Ach kommt, bevor es in die Berge und unter die Brücken geht, noch eine Anekdote von einem Bahnhof. Im Februar 1995 war ich zehn Tage allein in Großbritannien unterwegs. Diese Tour war eine der wenigen, die ich allein gemacht hatte. Mit einem Länderticket juckelte ich von London bis hoch nach Manchester, Glasgow und Inverness, um ein paar Fußballspiele zu besuchen und mir die Städte in Ruhe anzuschauen. Bevor ich mir mit etwas Vorlauf vor Ort eine Karte für das FA-Cup-Spiel Manchester United vs. Leeds United besorgen wollte, sollte die Nacht auf dem Flughafen von Manchester verbracht werden. Flughäfen waren meist eine sichere Bank. Zwar saugte und bohnerte immer irgendeine Servicekraft auch während der Nacht, doch immerhin war man sicher und es warm und trocken. Die Füße nach oben und wenigstens eine kleine Mütze voll Schlaf. In jener Nacht kam jedoch alles anders als geplant. Der Anschlusszug zum Airport wurde verpasst. Ich hing mitten in der Nacht auf dem Bahnhof Liverpool Lime Street fest. Draußen regnete es Katzen und Hunde, und in der Bahnhofshalle war ich schon bald der Einzige. Verrückt! Ich studierte in der mitgebrachten Sport Bild wirklich jeden Bericht, spazierte auf und ab und konnte schon bald jeden Aushang auswendig. Und wie schön, schon bald zeigte sich, dass ich doch nicht der Einzige in der großen düsteren Halle war.

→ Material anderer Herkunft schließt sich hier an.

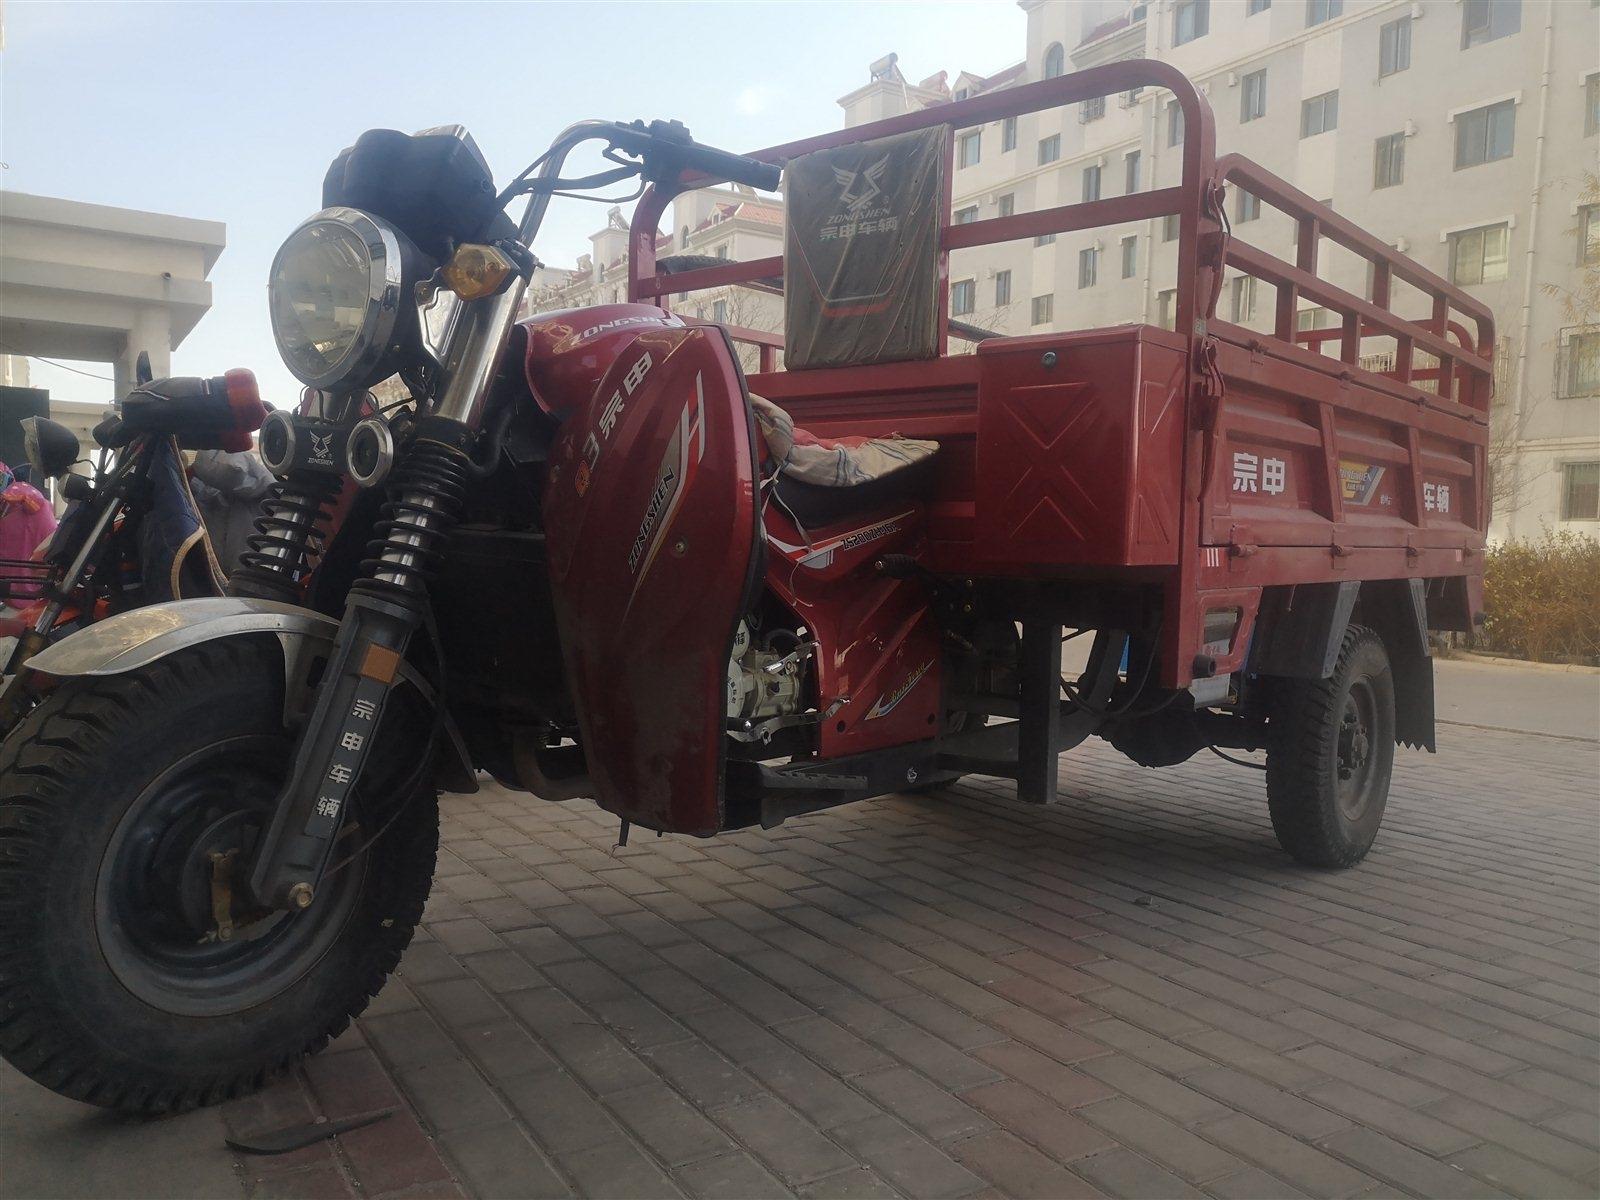 宗申三輪摩托車排量200Cc

England Mitte der 90er. Von rausgeputzt konnte noch keine Rede sein. Der Bahnhof hatte den kalten Charme einer früheren Epoche. Und prima hinein passte mein „neuer Kumpel“, der mich ansteuerte und fragte, ob er die Zeitung haben dürfe. Klar doch! Es war jedoch nur ein Test, um zu horchen, woher ich wohl käme. Aha, ein „fucking German“! Die Spirale konnte in Gang gesetzt werden. Er begann immer mehr zu nerven, und für mich gab es keine relevanten Fluchtmöglichkeiten. Draußen auf den menschenleeren Straßen warteten 5 Grad plus und Regen. Immer wieder wurde ich gefragt, wer denn den Zweiten Weltkrieg gewonnen habe. Ich blieb diplomatisch, doch das half nicht viel. Er wollte eine Kriegsentschädigung kassieren - und zwar direkt aus der deutschen in die englische Hand! Lass mal gut sein! Ich trat doch den Rückzug an und versuchte, in einem leeren abgestellten Zug Zuflucht zu finden. Der Kerl lachte nur dreckig und folgte mir gemächlich. Ich könne ja eh nicht entkommen. Ich betrat einen abgestellten Zug und lief komplett nach hinten durch. Auf dem Weg ans Ende sah ich einen Mann auf einer abgelegten Tasche schlafen. Ein paar Minuten später wurde dieser von dem nervenden Idioten geweckt. Während ich mich im letzten Waggon in Lauerstellung befand - wohl überlegend, ob ich mich im Klo einschließen oder doch den Kampf aufnehmen soll (schließlich würde er ja auch die Klotür eintreten können) -, laberte der Idiot den Schlafenden voll. Dem Deutschen müsse man die Fresse einschlagen und endlich die Kriegsentschädigung abnehmen! Ein Schutzengel musste die Hand ausgebreitet haben, denn der schlafende Mann hatte null Bock auf Stress und schickte den Plagegeist zum Teufel. Schimpfend trollte sich mein „Kumpel“. Inzwischen war auch ich bereits dermaßen aufgeheizt, dass das Ganze wohl mit einer bösen Schlägerei geendet wäre. Besser, dass nicht! Ein paar Minuten später konnte auch ich mich endlich lang machen und für zwei, drei Stunden die Augen schließen, bevor es dann direkt weiter zum Stadion Old Trafford ging, um die besagte Eintrittskarte für den Klassiker gegen die Jungs aus „fucking yorkshire“ zu sichern.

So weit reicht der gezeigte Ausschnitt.